Frontiers in Neuroinformatics (Jul 2011)
On the influence of amplitude on the connectivity between phases
Abstract
In recent studies, functional connectivities have been reported to display characteristics of complex networks that have been suggested to concur with those of the underlying structural, i.e. anatomical, networks. Do functional networks always agree with structural ones? In all generality, this question can be answered with no: for instance, a fully synchronized state would imply isotropic homogeneous functional connections irrespective of the ‘real’ underlying structure. A proper inference of structure from function and vice versa requires more than a sole focus on phase synchronization. We show that functional connectivity critically depends on amplitude variations, which implies that, in general, phase patterns should be analyzed in conjunction with the corresponding amplitude. We discuss this issue by comparing the phase synchronization patterns of interconnected Wilson-Cowan models vis-à-vis Kuramoto networks of phase oscillators.
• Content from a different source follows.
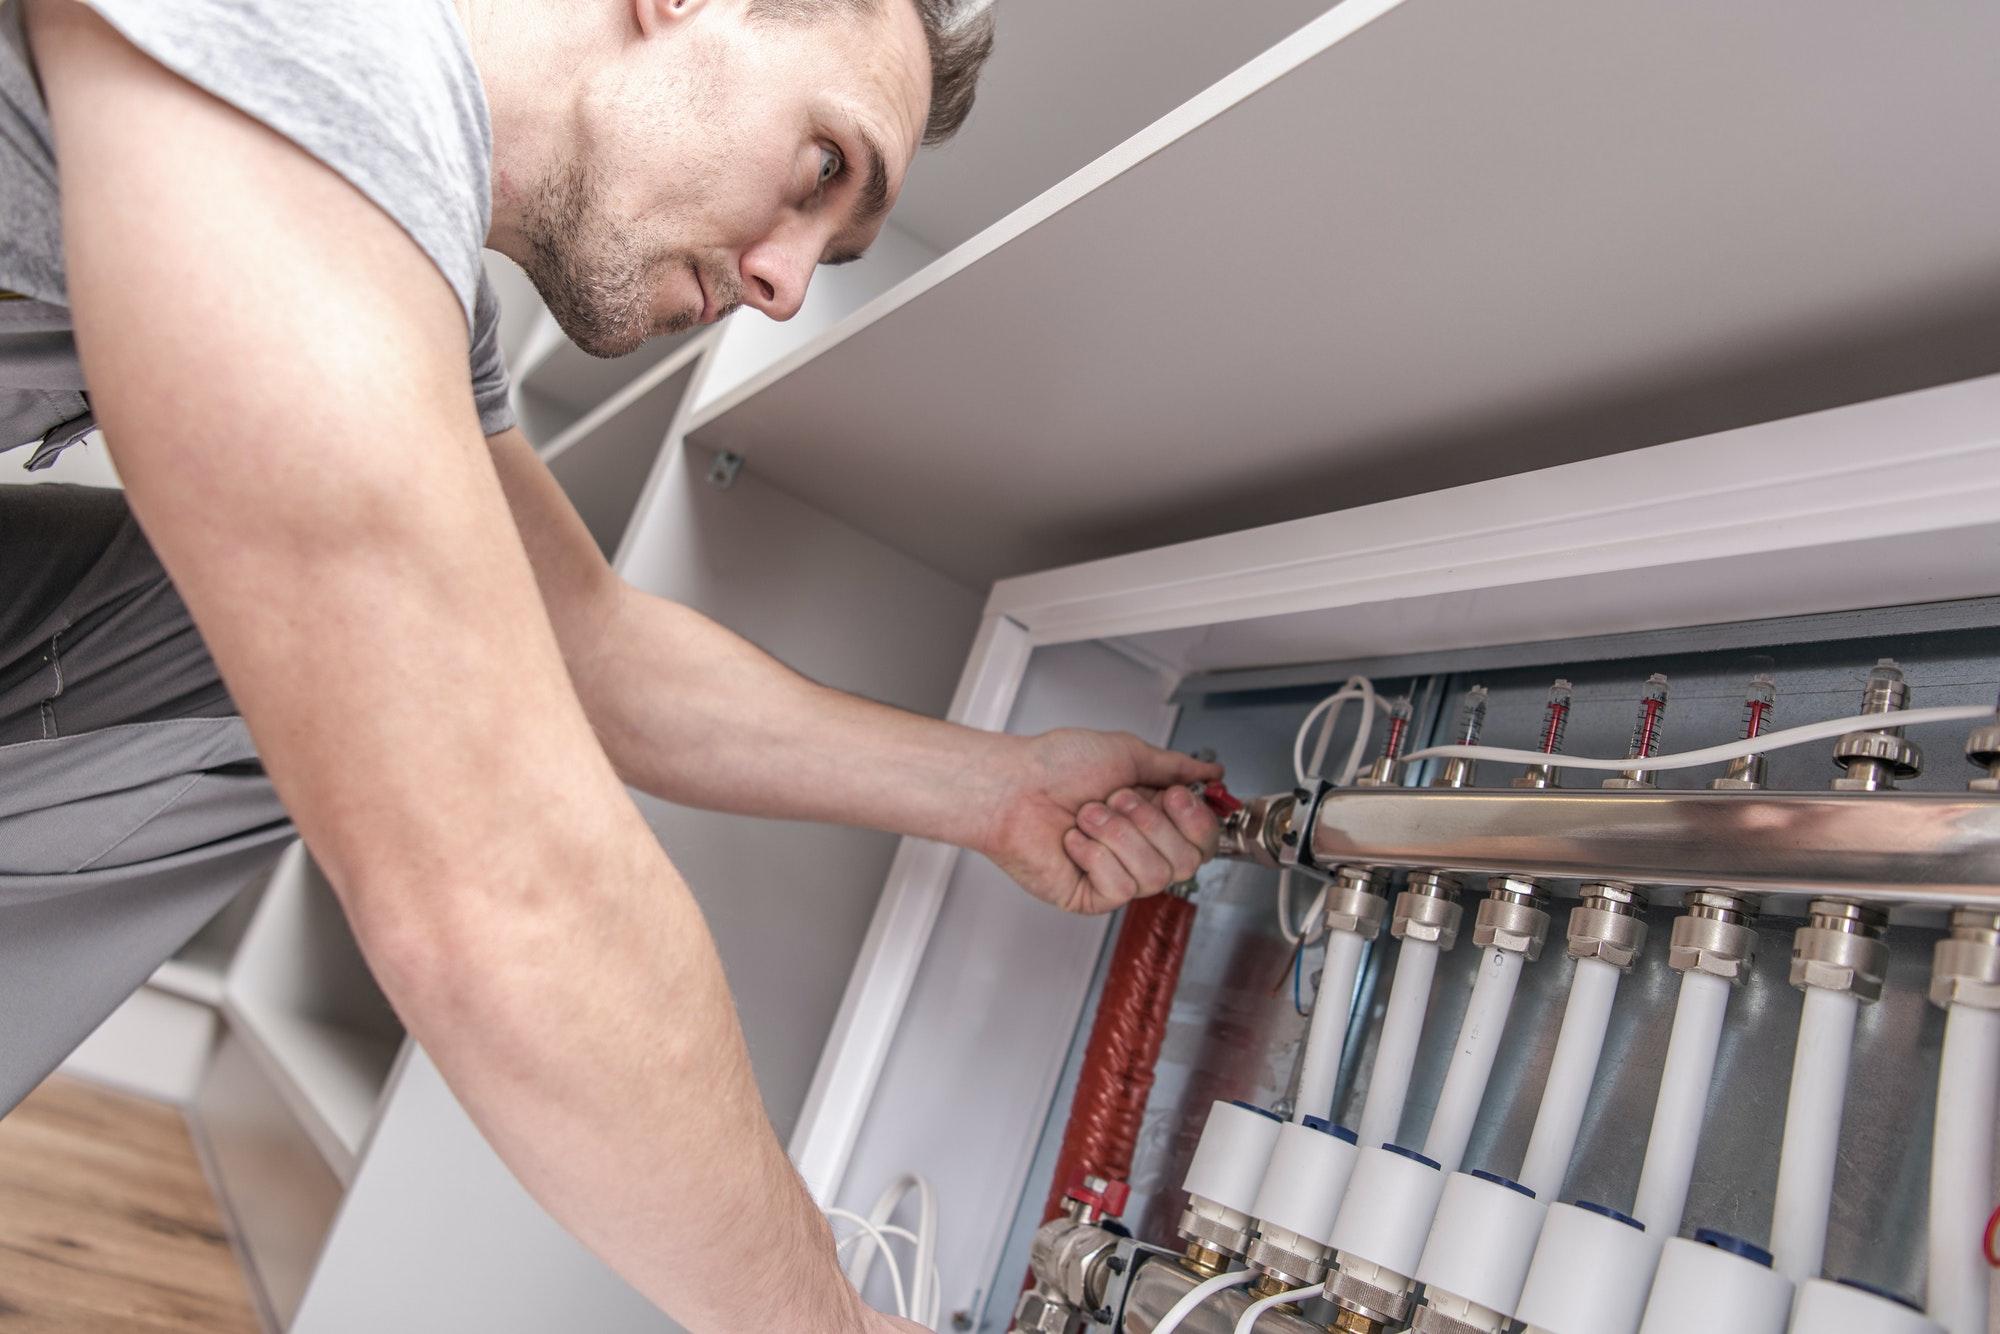 Men Adjusting Apartment Heat on the Central System Valves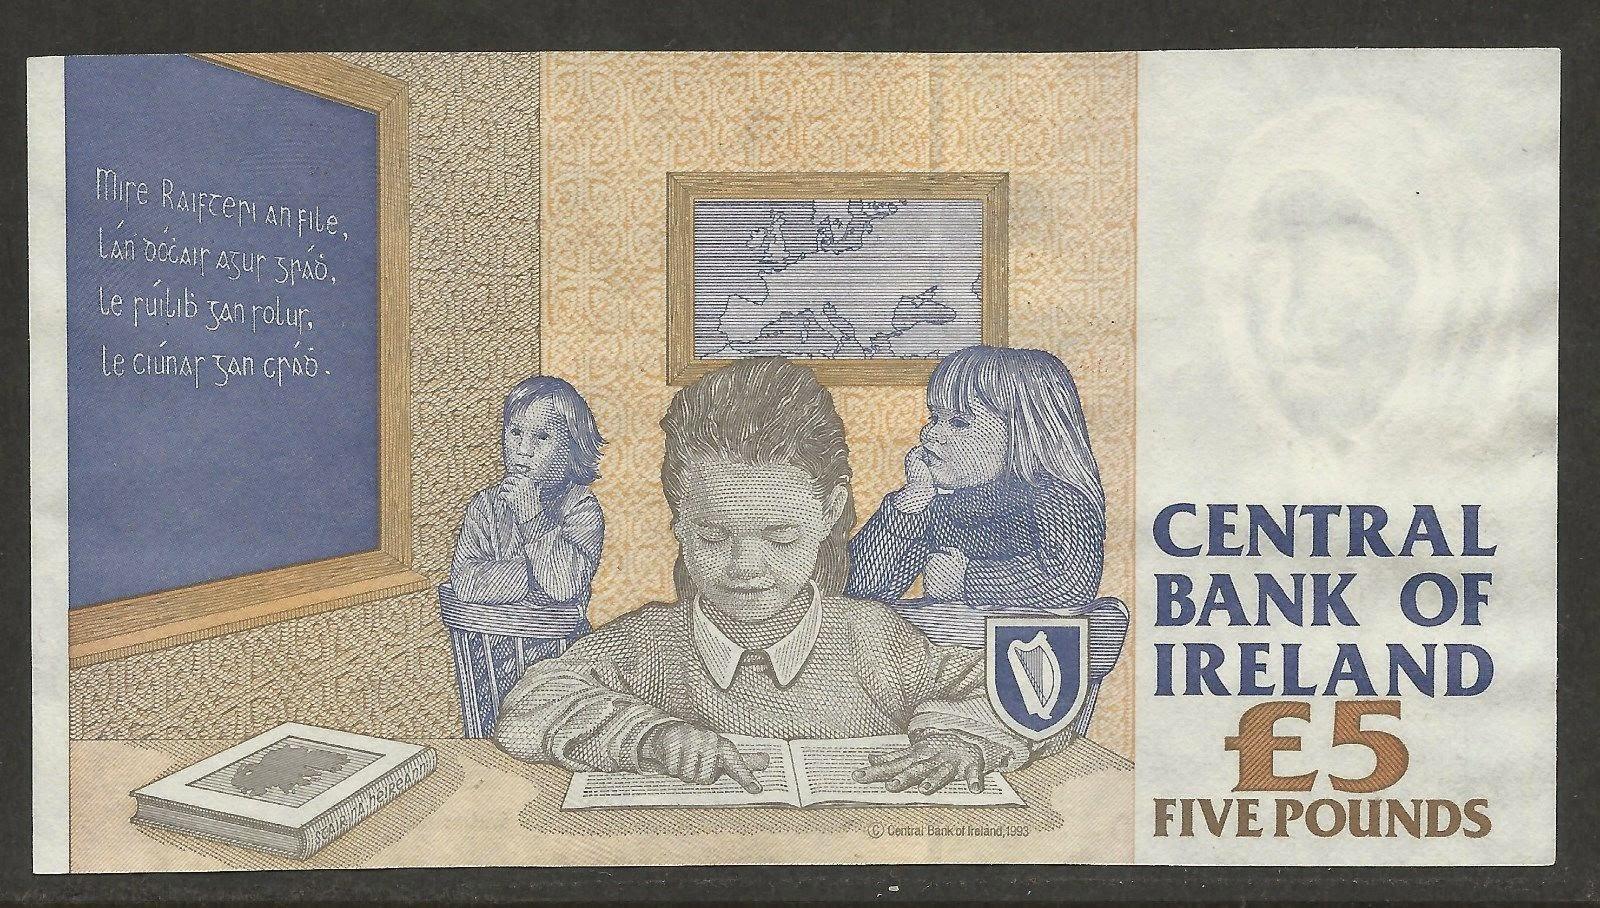 Currency Ireland 5 Irish Pounds banknote bill

For the interconnected Wilson-Cowan models we derive analytically how connectivity between phases explicitly depends on the generating oscillators’ amplitudes. In consequence, the link between neurophysiological studies and computational models always requires the incorporation of the amplitude dynamics. Supplementing synchronization characteristics by amplitude patterns, as captured by, e.g., spectral power in M/EEG recordings, will certainly aid our understanding of the relation between structural and functional organizations in neural networks at large.